It’s not a long line of dominos – just three in particular – but if they begin to fall you can bet there’ll be collateral damage throughout the radio industry.
The most wobbly of the three is Cumulus Media. The #2 radio station conglomerate in the country by stations owned, the company just can’t get a break with its turnaround endeavors. After an 8-to-1 reverse stock split last year which temporarily raised its share-price above the critical $1 floor for listing on NASDAQ, the company’s gone underwater again. Thursday’s trading-close saw CMLS shares at just under 27 cents, making for a total market capitalization just above $8 million. That’s about half of what it was just a month ago. Earlier this month, NASDAQ started the delisting-clock again, which means Cumulus has six months to implement a revival-plan and stick to it.
Of course, the aggregate value of Cumulus’ hundreds of radio station licenses is multiples higher than the market value of its stock, but most definitely not enough to cover the $2+ billion in debt it carries. A refinancing proposal using stock imploded last month, prompting Bill Cunningham in Media Life (just before it shut down) to observe that “Unless some white knight comes along, Cumulus has no choice but to file for bankruptcy protection. It could come in a matter of weeks.”

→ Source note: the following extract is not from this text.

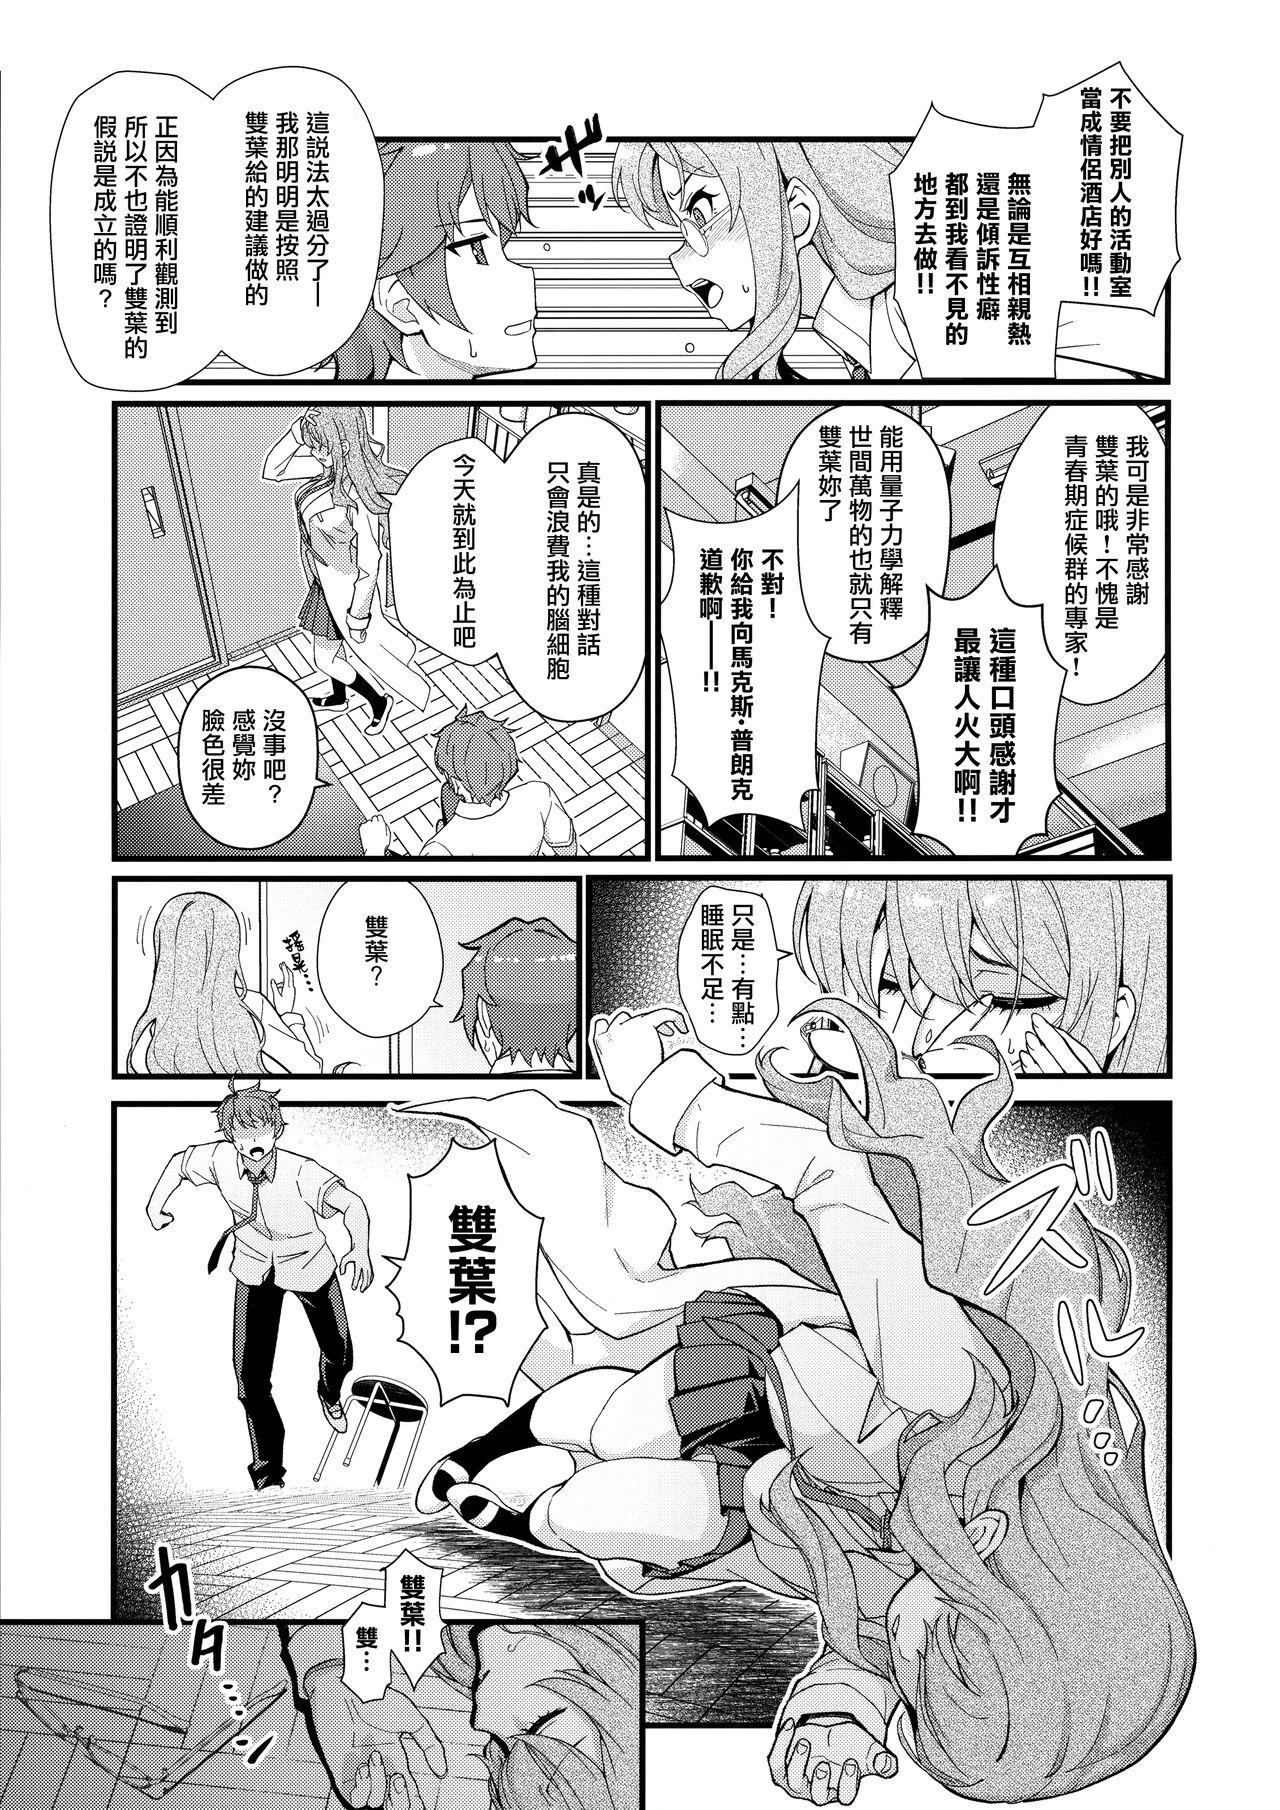 Edging MULTI REALITY - Seishun buta yarou wa bunny girl senpai no yume o minai Balls - Page 5

“Weeks” is doubtful, although Moody’s Investors Service just last week downgraded Cumulus’ credit ratings to levels that translate to “extremely speculative” and “default imminent with little prospect for recovery.” Moody’s own words cite an “elevated risk of a restructuring” and an “unsustainable” debt ratio. However, it expects a “pending asset sale,” details unknown but slated for the “second half of 2017,” to provide a much-needed cash-infusion. We shall see.
Although Cumulus is the one who seemes closest to the brink, did iHeartMedia quietly cross it last month when it annnounced a “global restructuring of its indebetedness“? This refers to two new debt-refinancing offers it’s made, which were the subject of a smart takedown in the New York Times by Seton Hall Law School bankruptcy expert Stephen Lubben: “This new exchange offer is as much about equity salvage as debt restructuring,” he concludes.

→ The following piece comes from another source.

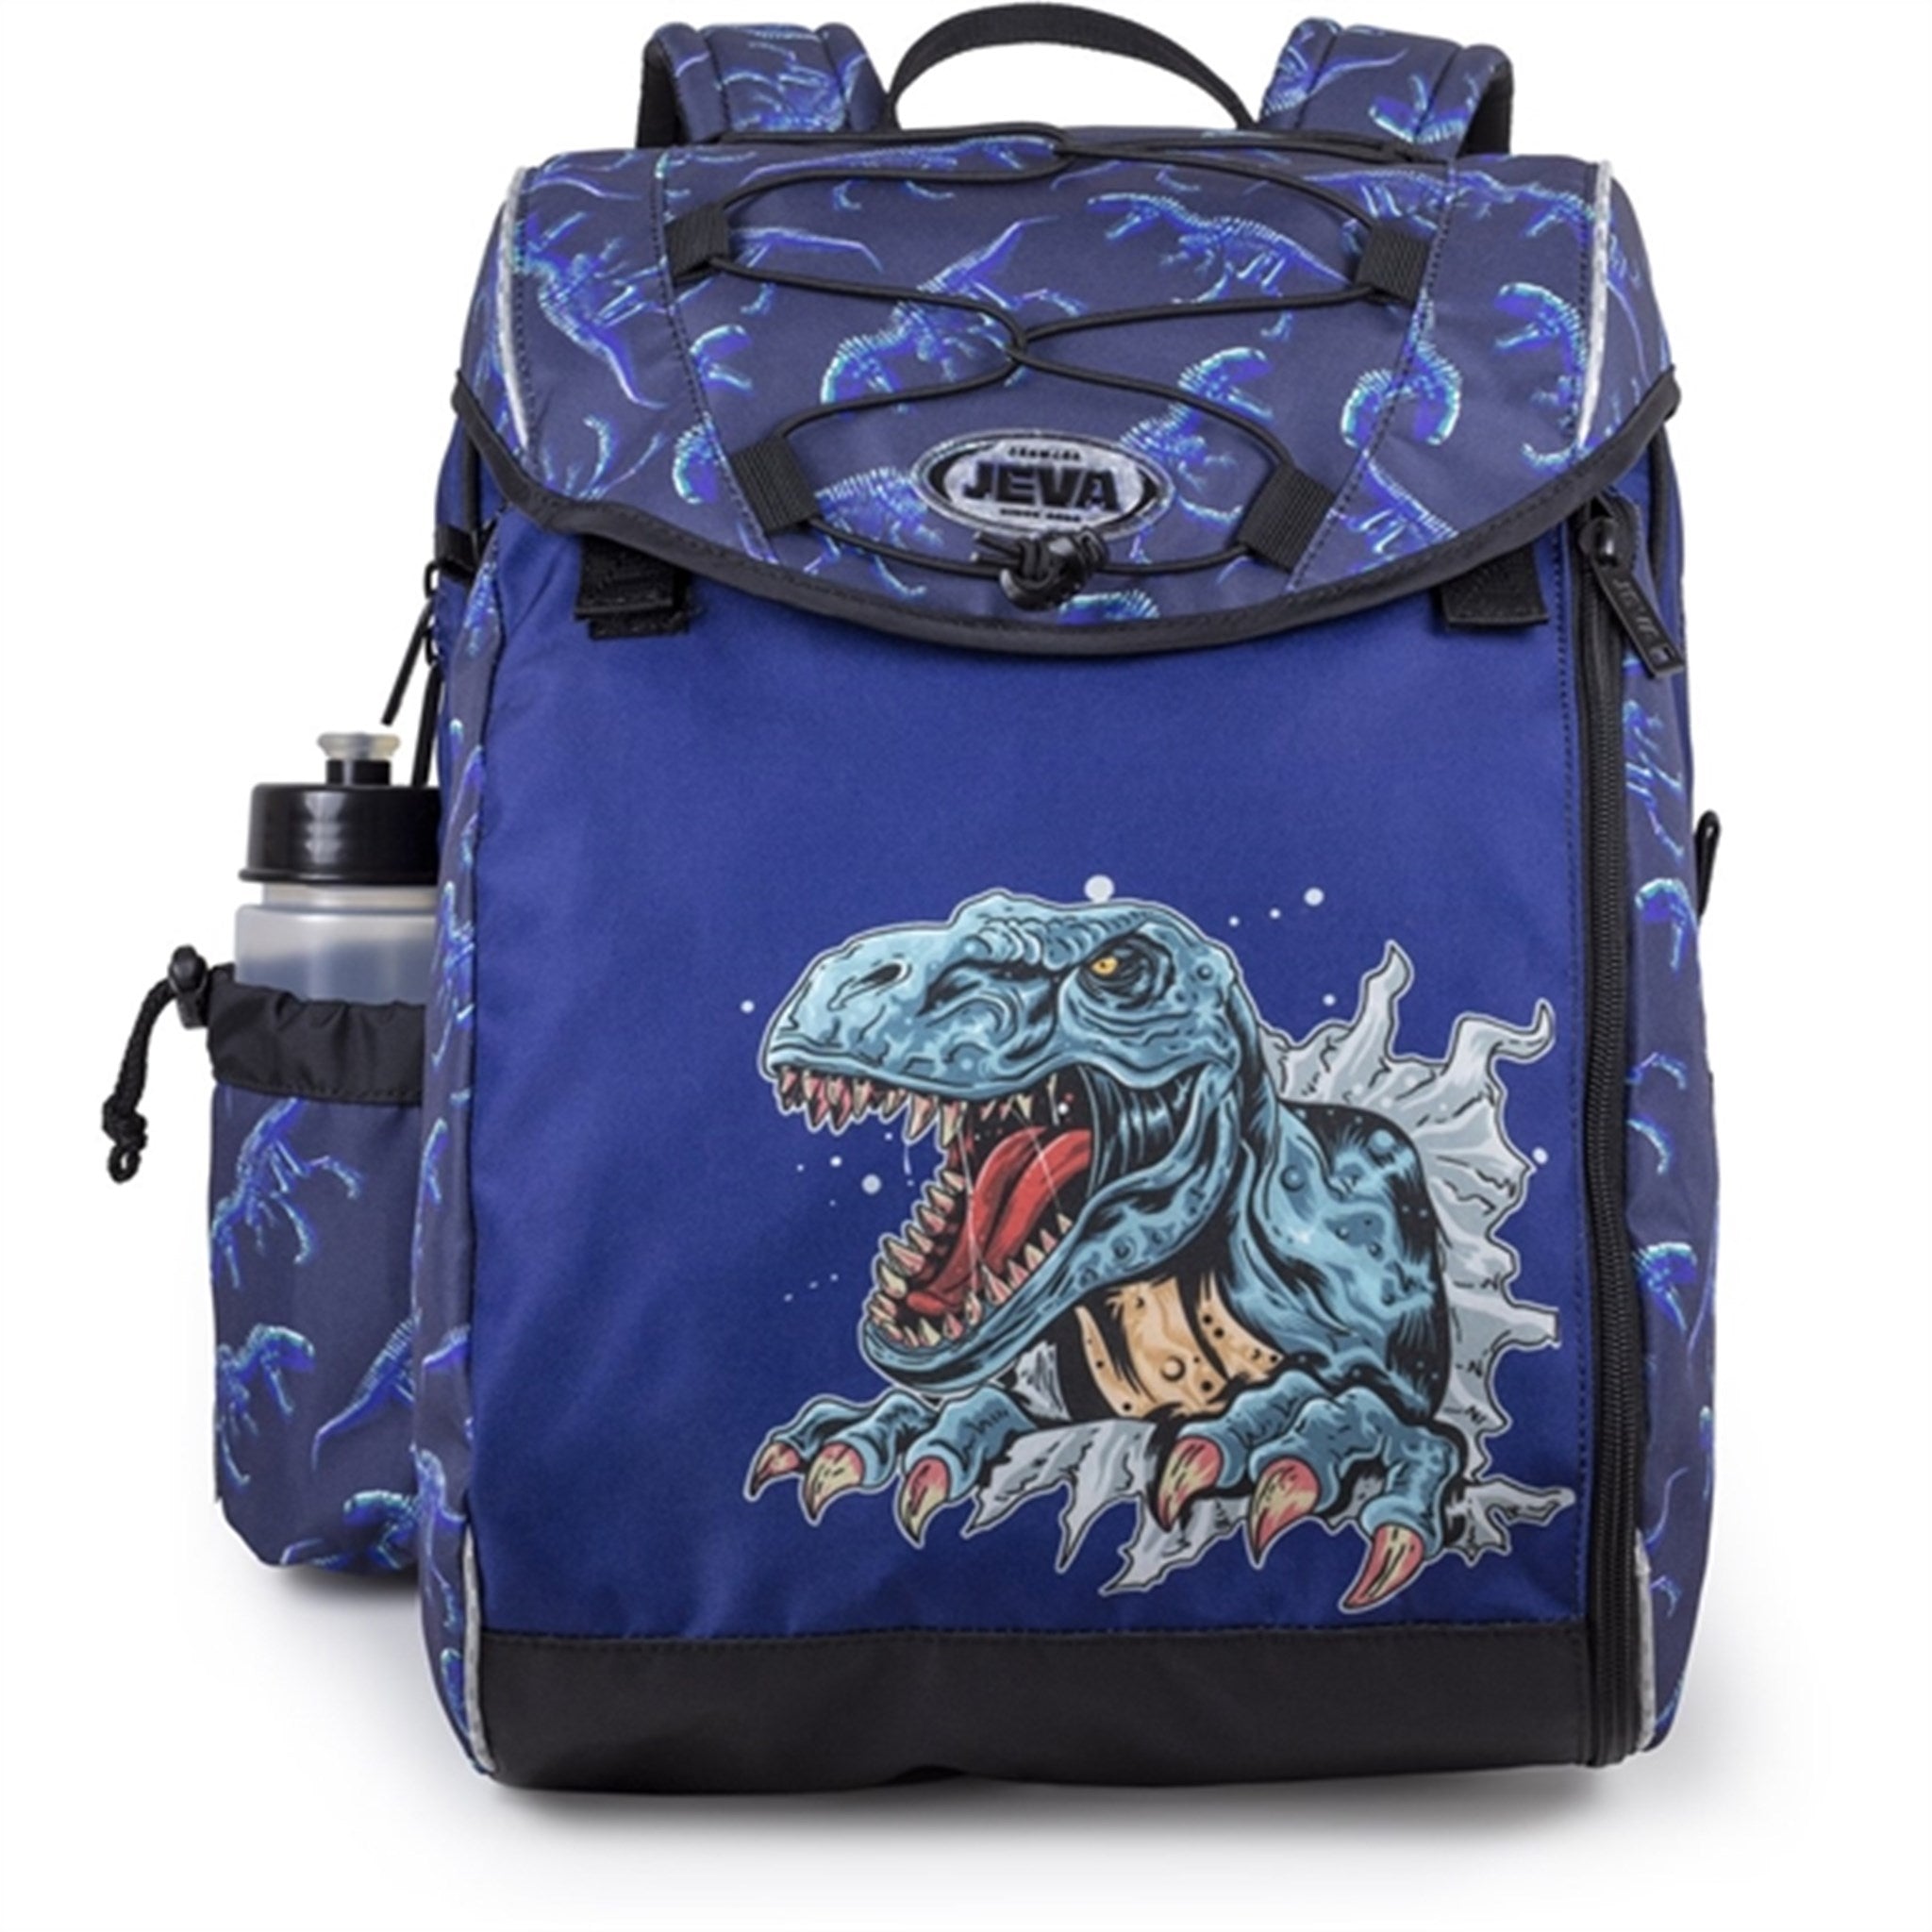 JEVA School Bag Dinosaur 2

Moody’s called these new offers “a continuation of its distressed exchange,” and although the iHeart-owned trade publication Inside Radio crowed about its short-term effect on IHRT’s stock-price, there were literally no takers. So the company’s extended the offer until the end of this month. What happens next if the market continues to shun iHeart and Cumulus’ debt-dance moves?
The third domino is one that’s received little media attention: the Spanish Broadcasting System. This company, founded in 1983, has a big piece of the Spanish-language radio pie, owning 17 stations in major markets (Chicago, Los Angeles, Miami, New York City, and San Francisco) and Puerto Rico, as well as stakes in program-syndication, television and live-event production. But the company’s also subscribed to the philosophy of leveraged growth, taking on more than a half-billion dollars in debt – $275 million of which is due this month.
As this deadline has approached, SBS stock has taken a beating; last year it was delisted from NASDAQ and began trading this January on a secondary exchange. Now that exchange has warned SBS that it could be delisted within six months, given that its market cap has fallen below the $5 million dollar minimum floor (SBSAA closed Thursday at 56 cents a share, for a total market capitalization of just $3.6 million).
In the FCC’s just-concluded reverse auction of television spectrum (to be repurposed for wireless broadband service), SBS put its TV channels on the block, hoping for tens or hundreds of million dollars in return. But just one of its channels sold in Puerto Rico for less than $5 million.
Before bankruptcy would come to pass, it’s highly likely that Cumulus and SBS would find themselves targets of an acquisition of sorts; smaller-fry such as Beasley and Greater Media could team up to divvy Cumulus stations between them, with Entercom – newly beefed-up by its acquisition of CBS Radio – possibly skimming some cream. SBS, as the #5 player in the Spanish-language radio space, would be easy pickings for bigger fish such as Univision or Entravision – who racked up $86 million and $263 million respectively in the FCC’s TV reverse auction.
The entire U.S. radio industry’s annual revenues aren’t big enough to absorb the $20+ billion in debt that iHeartMedia has. There seems to be little left to do other than watch the slo-mo implosion and the reverberations it’s likely to have across the entire sector; much less a question now of if than when. It will make for the single greatest shakeup in radio ownership since the industry’s consolidation-orgy in 1996 – the bitter fruit of a wild ride with other people’s money.
Much hay’s been made recently of a Bureau of Labor Statistics report showing that the publishing industry has contracted dramatically this century, with newspapers cutting staff by more than half in the last 15 years alone. Time hasn’t been kind to radio, either, which shed more than 26,000 jobs – nearly a quarter – during the same timeframe.
A re-valuation of radio finance will undoubtedly be disruptive. What’s next, the Uber-like contracting-out of radio content to podcasters, algorithmically-assembled into “formats,” doing away with the pesky necessities of studios and offices completely?